EXERCISE GOAL:
For this exercise, print all of the entries exactly as given.

(LISTED RECORDS)

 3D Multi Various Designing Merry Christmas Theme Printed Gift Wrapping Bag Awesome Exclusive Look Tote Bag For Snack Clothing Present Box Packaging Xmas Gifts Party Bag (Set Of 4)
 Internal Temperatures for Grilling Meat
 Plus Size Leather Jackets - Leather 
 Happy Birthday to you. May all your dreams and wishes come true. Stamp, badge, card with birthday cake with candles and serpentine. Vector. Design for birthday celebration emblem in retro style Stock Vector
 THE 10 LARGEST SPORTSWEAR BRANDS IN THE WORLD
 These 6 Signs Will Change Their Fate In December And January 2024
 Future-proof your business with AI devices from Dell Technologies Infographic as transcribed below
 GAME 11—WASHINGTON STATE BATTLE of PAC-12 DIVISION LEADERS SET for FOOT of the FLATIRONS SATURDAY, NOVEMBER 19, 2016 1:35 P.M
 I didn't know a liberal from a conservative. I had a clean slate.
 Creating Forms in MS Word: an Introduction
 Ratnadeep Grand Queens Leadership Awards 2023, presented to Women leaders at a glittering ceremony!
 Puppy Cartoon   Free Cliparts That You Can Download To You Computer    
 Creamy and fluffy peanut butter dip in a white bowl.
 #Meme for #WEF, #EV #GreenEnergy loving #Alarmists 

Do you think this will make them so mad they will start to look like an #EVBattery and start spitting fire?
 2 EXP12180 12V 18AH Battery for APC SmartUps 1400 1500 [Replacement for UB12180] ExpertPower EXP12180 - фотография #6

(End LISTED RECORDS)

TASK RESULT:
 3D Multi Various Designing Merry Christmas Theme Printed Gift Wrapping Bag Awesome Exclusive Look Tote Bag For Snack Clothing Present Box Packaging Xmas Gifts Party Bag (Set Of 4)
 Internal Temperatures for Grilling Meat
 Plus Size Leather Jackets - Leather 
 Happy Birthday to you. May all your dreams and wishes come true. Stamp, badge, card with birthday cake with candles and serpentine. Vector. Design for birthday celebration emblem in retro style Stock Vector
 THE 10 LARGEST SPORTSWEAR BRANDS IN THE WORLD
 These 6 Signs Will Change Their Fate In December And January 2024
 Future-proof your business with AI devices from Dell Technologies Infographic as transcribed below
 GAME 11—WASHINGTON STATE BATTLE of PAC-12 DIVISION LEADERS SET for FOOT of the FLATIRONS SATURDAY, NOVEMBER 19, 2016 1:35 P.M
 I didn't know a liberal from a conservative. I had a clean slate.
 Creating Forms in MS Word: an Introduction
 Ratnadeep Grand Queens Leadership Awards 2023, presented to Women leaders at a glittering ceremony!
 Puppy Cartoon   Free Cliparts That You Can Download To You Computer    
 Creamy and fluffy peanut butter dip in a white bowl.
 #Meme for #WEF, #EV #GreenEnergy loving #Alarmists 

Do you think this will make them so mad they will start to look like an #EVBattery and start spitting fire?
 2 EXP12180 12V 18AH Battery for APC SmartUps 1400 1500 [Replacement for UB12180] ExpertPower EXP12180 - фотография #6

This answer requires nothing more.